We find that this applicant is not statutorily ineligible for asylum or withholding of deportation as he is not an alien whose conviction comes within the provisions of section 243(h)(2)(B) of the Act or within the provisions of 8 C.F.R. 208.8(f)(iv). On the record before us, we do not find that the applicant has been convicted of a "particularly serious crime." We do not condone his crime, in essence, burglary with intent to commit theft. However, considering the totality of the circumstances before us concerning this crime, we do not find it to be of such a particularly serious nature as to preclude relief. The crime was an offense against property, rather than against a person. Although the applicant did enter a dwelling, there is no indication that the dwelling was occupied or that the applicant was armed; nor is there any indication of an aggravating circumstance. Further, the applicant received a suspended sentence after spending a relatively short period of time in prison (3 months). Such sentence, as viewed by the state circuit court judge, reflects upon the seriousness of the applicant's danger to the community.
In view of our finding, we believe that the record should be returned to the immigration judge for a determination of whether the applicant has established a well-founded fear of persecution. Accordingly, the record will be remanded.
We are aware that the immigration judge denied asylum as a matter of discretion.

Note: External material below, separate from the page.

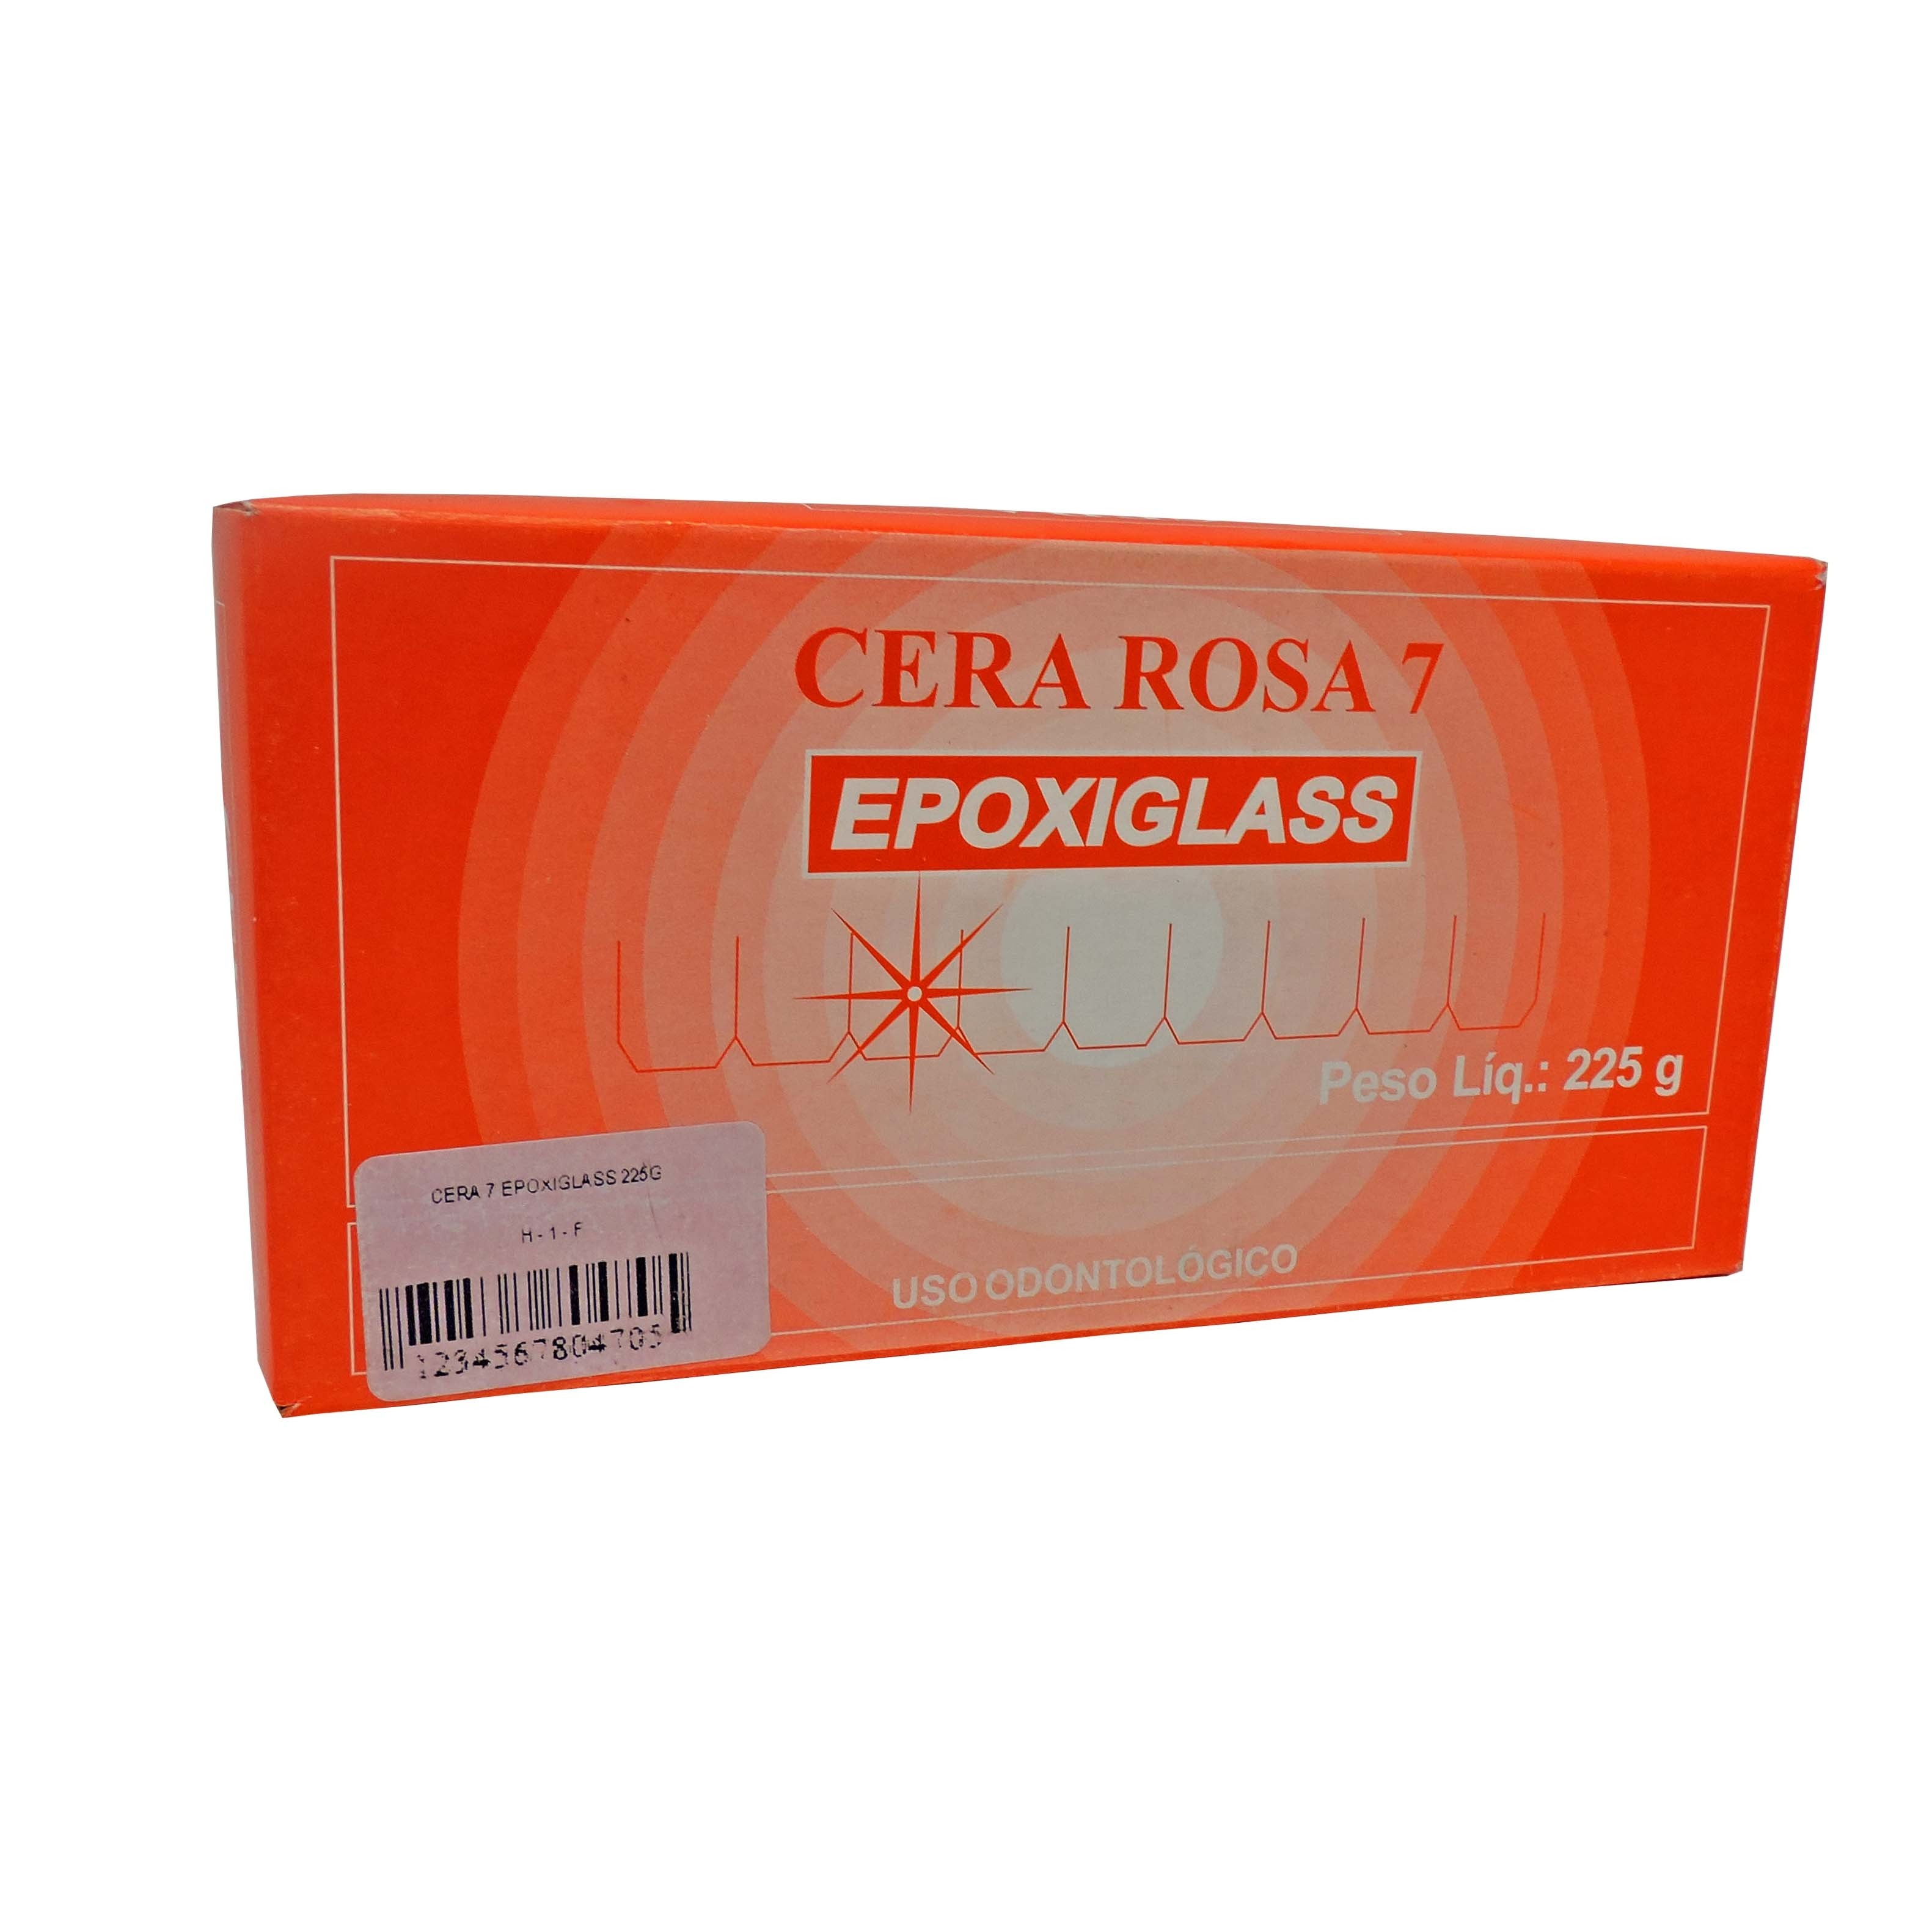 Cera Rosa 7 Epoxiglass 225grs

However, under the facts before us, we believe that it was inappropriate to deny discretionary relief.
ORDER: The record is remanded to the immigration judge for further proceedings consistent with the foregoing opinion and the entry of a new decision.
FURTHER ORDER: Should a decision on remand be adverse to the applicant, an appropriate order shall be entered and the record shall be certified to us for review.